Segment Start: GIVEN DATA

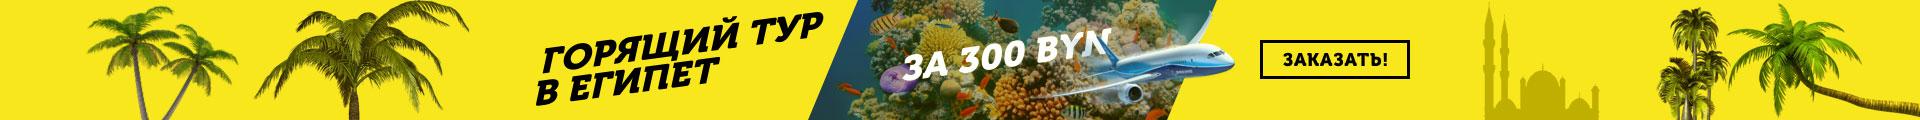 Тур в Египет за 300 белорусских рублей
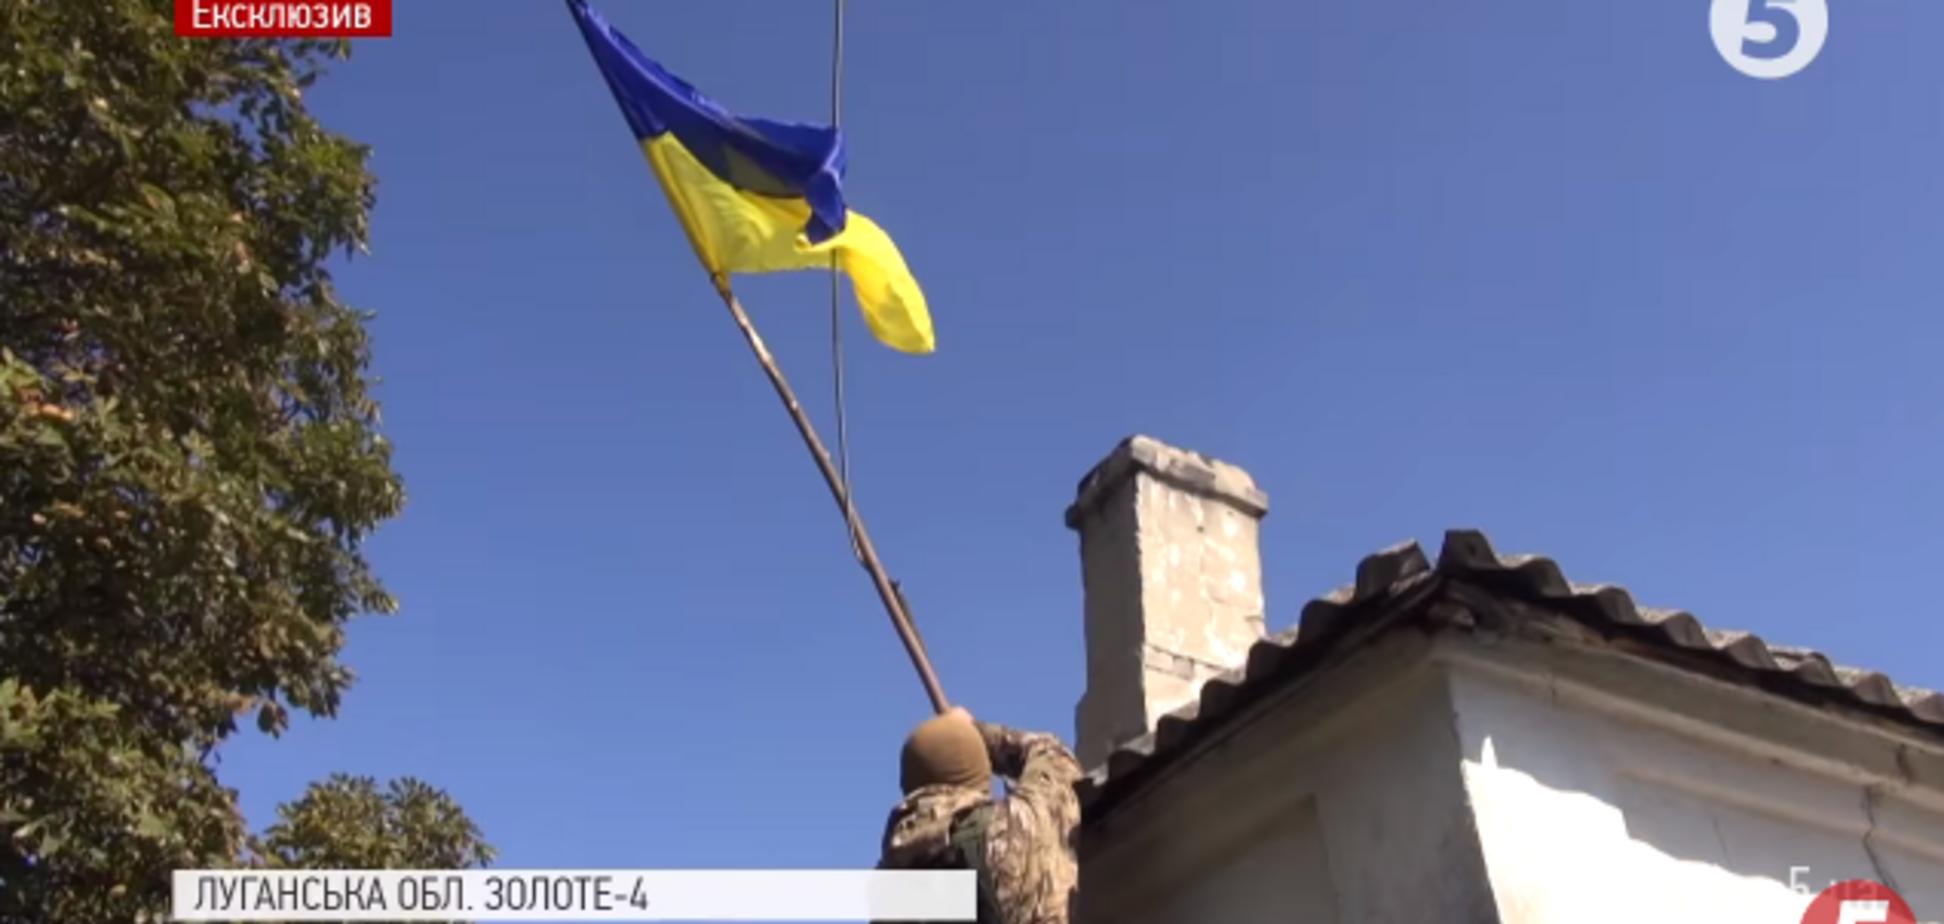 Встречали со слезами на глазах: ВСУ подняли флаг над освобожденным поселком на Донбассе
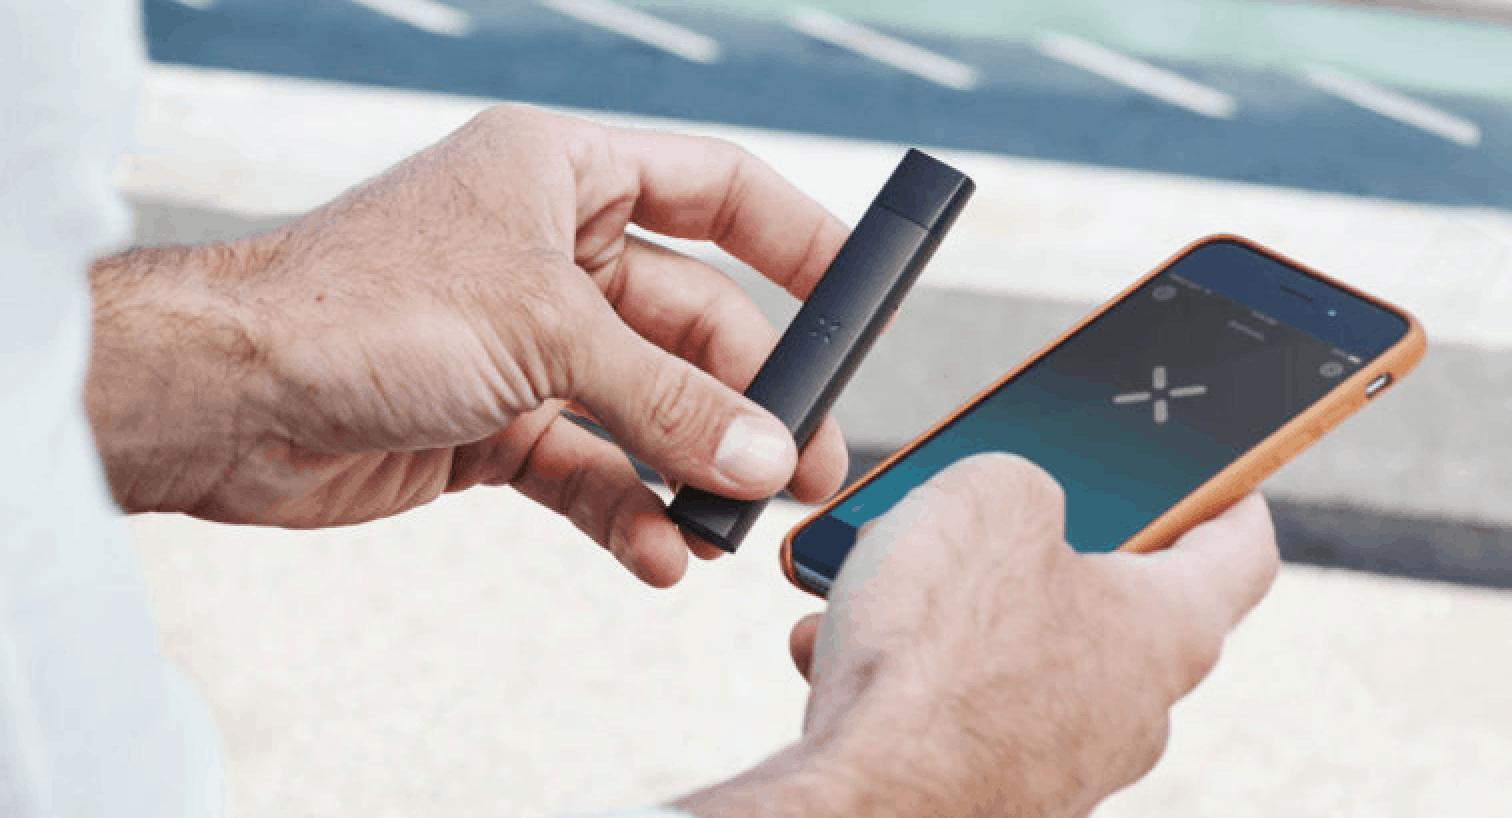 Yocan UNI's Universal Vape Technology

Segment End: GIVEN DATA

◆ TASK STATEMENT
Word for word, repeat the lines of data above, omitting every picture.

◆ EXERCISE ANSWER
 Тур в Египет за 300 белорусских рублей
 Встречали со слезами на глазах: ВСУ подняли флаг над освобожденным поселком на Донбассе
 Yocan UNI's Universal Vape Technology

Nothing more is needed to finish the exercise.